セリオが上に乗るのを、今か今かと待っていたら。
……ずしん、ずしん。
「……あ?」
「浩之さん、お待たせいたしました」
セリオは、何か人型の工作機械みたいなのに乗っていた。
それで俺の方に向かって歩いて来るもんだから、俺仰天。
「なっ、それ何よ!?」
「ええ、アスファルト工事等の際に使用する『たいたんぱぁ君』デス」
いや、そうでねくて。
「地盤を固める程の強力な足踏み、是が非でも体感していただきたいとっ」
「やっ、止めれぇ!」
慌てて起き上がる俺。
が、何時の間にか俺の足にはロープが巻き付けられていて。
「逃がしはしません……お覚悟を」
「マッサージ! 単なるマッサージだってばよ!」
そんなもんで踏まれたら平面俺になってまう。
「うふふふふ……」
「ひ、ヒィ」
俺、為す術なし。
ここまでか、と覚悟を決めたのだけれど。
「と言うのは冗談でして……」
「おひ」
冗談でこんなでっかい機械を家に持ち込むなよな。
セリオは俺の視線もどこ吹く風、颯爽とその機械から降り立った。
かつっ。
「……かつっ?」
セリオの足元をよーく見ると、彼女の髪と同じ色の真っ赤なハイヒール。
「殿方は、コレで踏まれるのがお好きであるとの情報がありまして」
「……いやまぁ、それは何とも」
俺か?
俺はまぁ……それはそれでいいと思う。
「というわけで、どうぞうつ伏せになってくださいナ」
「お、おう」
ほっと安心した俺は、セリオの言葉に素直に従う。
そうすると、セリオは恐る恐る俺の背中をハイヒールで踏み付けてみて。
ぎゅむ。
「ど、どうですか……?」
「あー、よくわからん。

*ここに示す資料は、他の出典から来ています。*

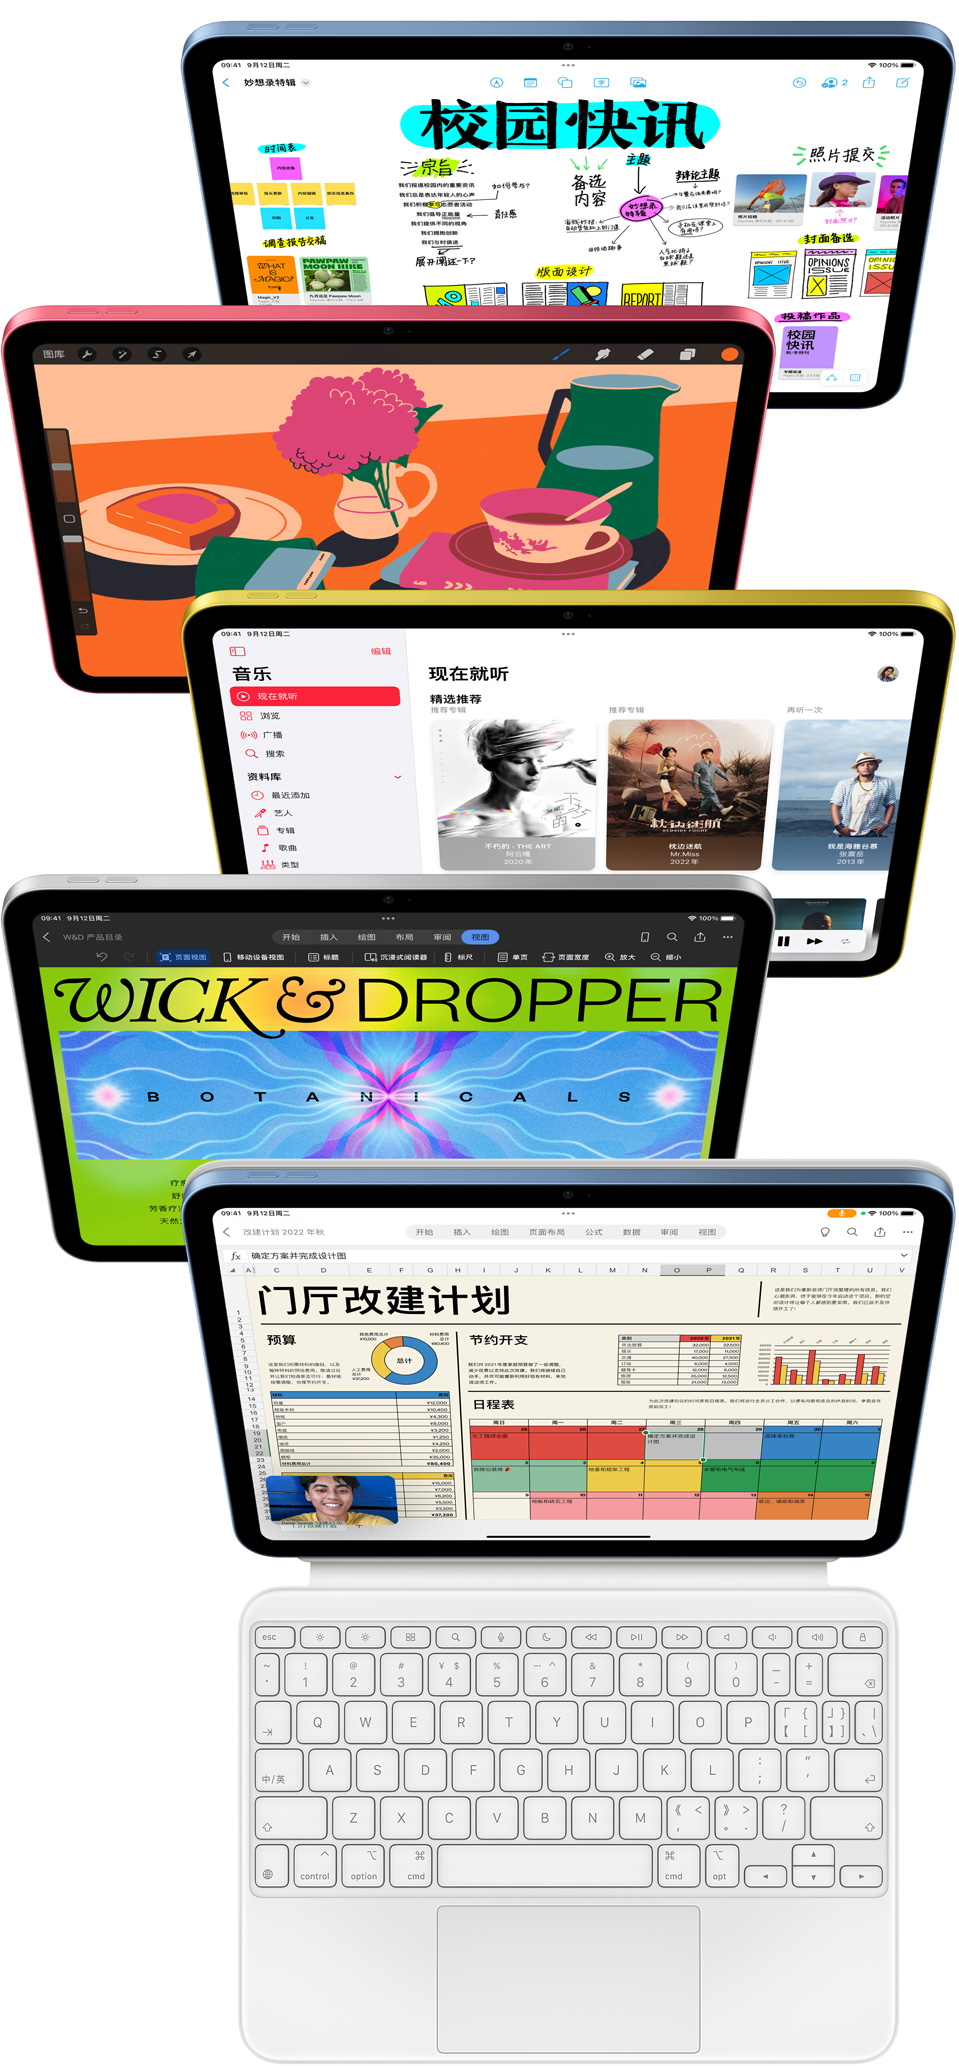 一组 iPad 的屏幕上各自显示着多款 Apple 自带 app 和 App Store 的 app。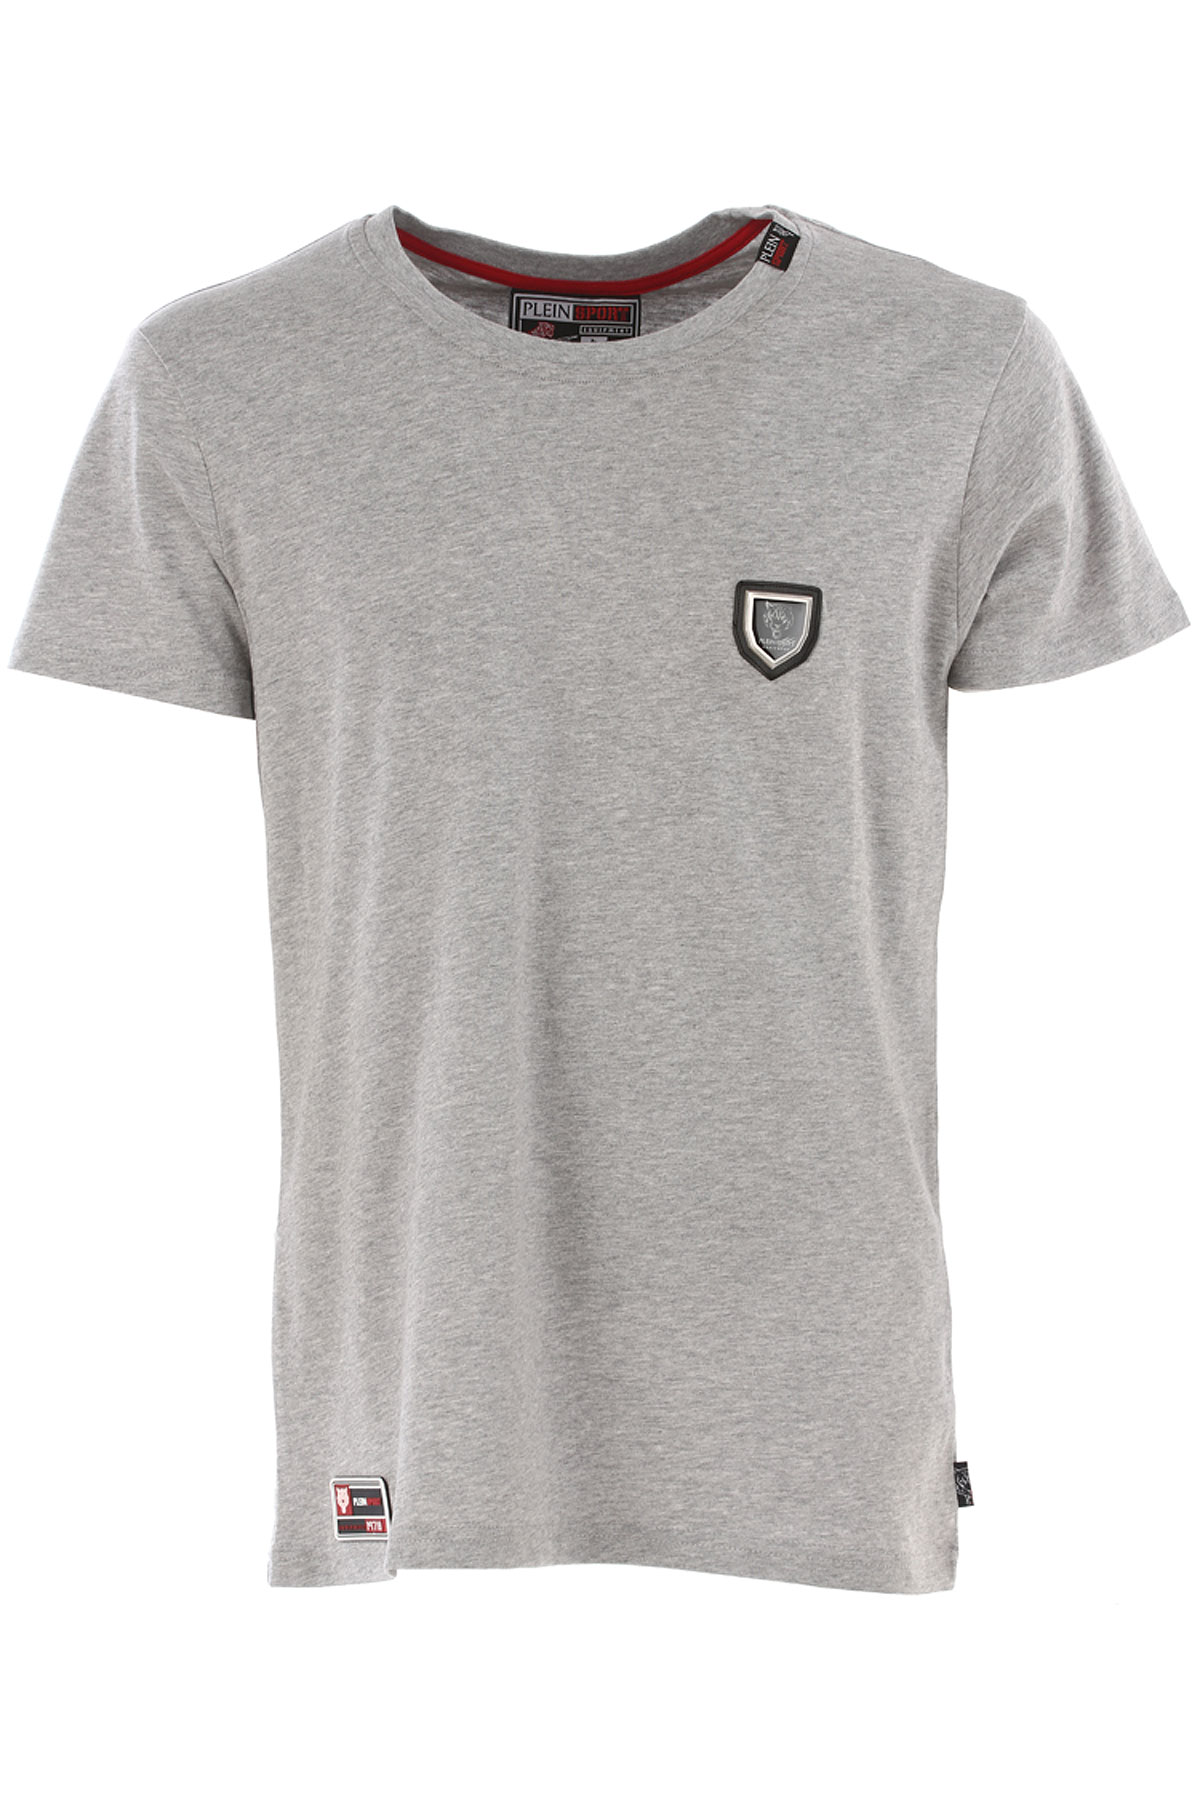 Philipp Plein T-shirt Homme , Gris, Coton, 2017, L S

もうちょっと強目に」
「はい」
ぎゅ、ぎゅう。
「…………」
「浩之さん、如何されましたか?」
「あー……何だか違う意味でキモチイイ」
いわゆるソフトSMってやつ?
何だぁ、こういうのなんだったらもっと前に始めていてもよかったかも。
「……はい?」
「もっとだ! セリオ、俺をもっと踏み付けのぐりぐりにしてくれぇ!」
「ひ、ヒィ」
かつかつっとハイヒールの音を立てながら逃げるセリオを、俺は。
何時の間にか元気になっていた我が44マグナムでロックオンしつつ、彼女
を追いかけるのであった。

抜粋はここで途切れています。